Our world today is not very accepting of Faith and it becomes increasingly harder as I grow older to maintain what I want, which is a high level of Faith. Personally, I have not really encountered much Atheism in my life. I know some people who claim to be atheists, but that doesn't bother me or make me think that much about whether or not there is a God. I have accepted the fact that there is a God, not because I have proof, but because I see what I consider "signs" in my daily life. These can include anything from the close, intimate, loving feeling that I feel in church or adoration, or something as simple as a sunrise on my drive to school. Who knows? Maybe I am brainwashed from growing up in a Catholic family and having 9 years of Catholic grade school and the whole "Jesus loves you" religion shit that they spoonfeed there. Who knows? I have thought about the possibility of there being no God though, and to me, it is impossible that this world was created without the aid of a higher being. I cannot imagine us just forming from nothing into this vast culture without some sort of help.

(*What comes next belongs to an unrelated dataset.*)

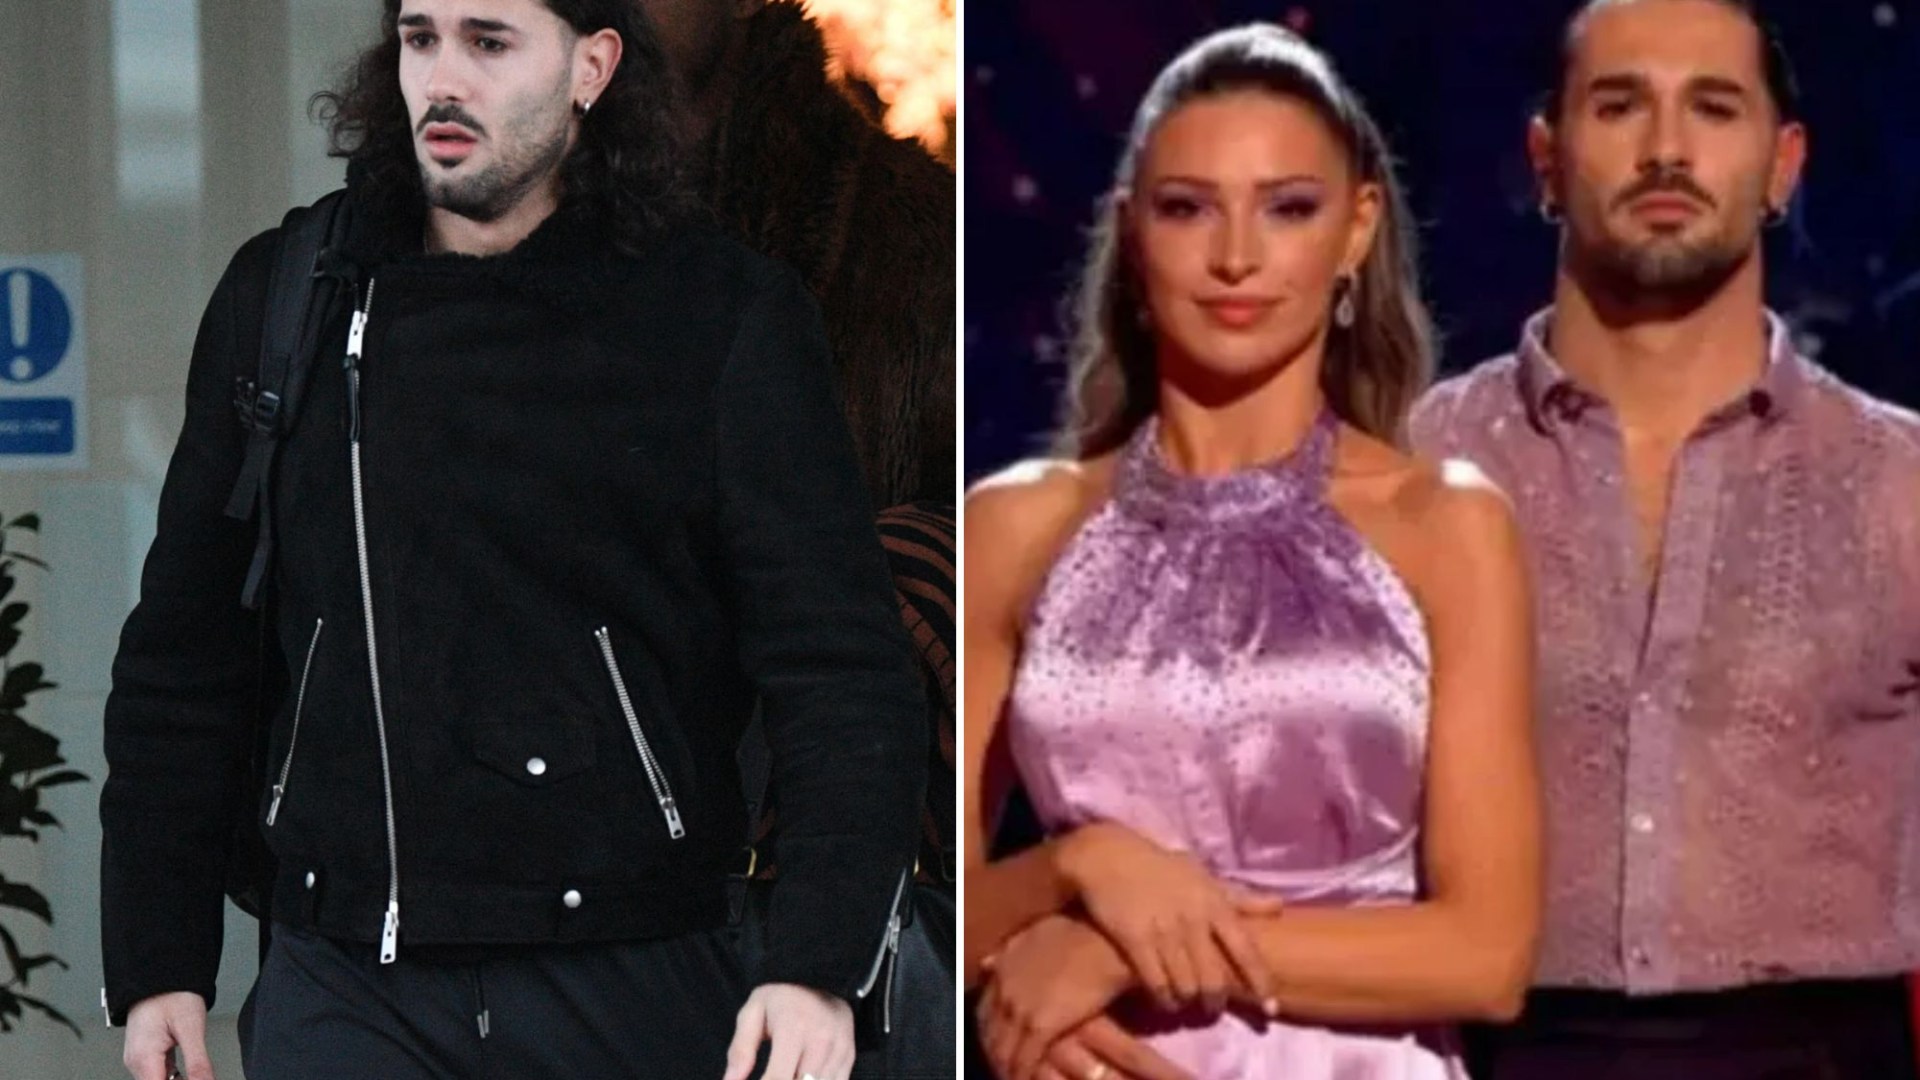 Strictly’s Graziano Di Prima ‘under medical supervision and being checked on hourly’ after Zara McDermott ‘kick’ row [Video]

I also think about the saints who lived their lives fully believing in God at some point or another and all of the good it did for them. It wasn't just coincidence.
This brings me to my second point, the challenge of scientism. I struggle slightly more with this idea and my Faith than with atheism. I am a very practical person. I do things in a certain order, everything is either right or wrong, and everything has an explanation, EXCEPT God. The practical side of me takes over at times, though, and attempts to explain everything as if there were no God. "The sun coming up is not a miracle, but a phenomenon that is caused by the earth's rotation and its orbit around the sun." Ok, fine. I completely agree, but then when the question of "How did the sun and earth get here in the first place?" comes up, answers are much less certain, almost not certain at all. I cannot accept that the universe started with a "Big Bang." It's a fine theory and makes sense, but how did the stuff for the "bang" get there? It is like a never-ending ladder. No matter what, there is always one step higher to go in explaining, and to me all the ladders lead to one solution: a higher power exists. Now, we cannot explain this higher power, nor are we supposed to. We cannot know how He got there or why He is there, He is beyond the scope of the human mind, and we must just accept that. that answer is good enough for me, but others want a solution. They're just going to be searching for a long, long time.
Our culture and the media also present a challenge to Faith through what is called "dehumanization". Dehumanization is the devaluation of human life and its sacredness through our consumerist culture. This includes the degredation of women in advertising and in the media. The image of women portrayed in our culture is not how women are or should be in reality. Very few women look like the scantily-clad supermodels on billboards and in magazines, and this image presents problems for both sexes. Women, especially teenagers, are sold this image and want to be like the model because the model is beautiful and "perfect". This can lead to issues such as eating disorders and low self esteem which are not healthy and do not respect the person. For men, the product is being advertised to us, but it is the sex that really sells. That hot girl becomes a standard at times, and the thought that women are like objects to lust after takes over. This can lead to issues such as disrespect of women when in their company and addictions to things like pornography. These compromise morals in our society and in all of us. To be a man of Faith, I try to live a moral life, but I do fail at times. The picture painted by society is so tempting because giving in feels freat at the time. I must overcome this immediate gratification and walk the straight path of a moral person if I want to have the strong Faith that I desire. I have found that walking this path leads to a deep sense of fufillment and longterm satisfaction, which is a better feeling than any immediat action can give me.
In our world, it is not easy to live by and have Faith. I do fail at times, but that is what Reconciliation is for, and then I try to be good again. Why our world has so many challenges, I do not have the best answer. I do not know if there is a right answer. I do know, though, that overcoming the curveballs of life strengthens and deepens my Faith; bringing me closer to God and the ultimate reward of eternal life at the end of time.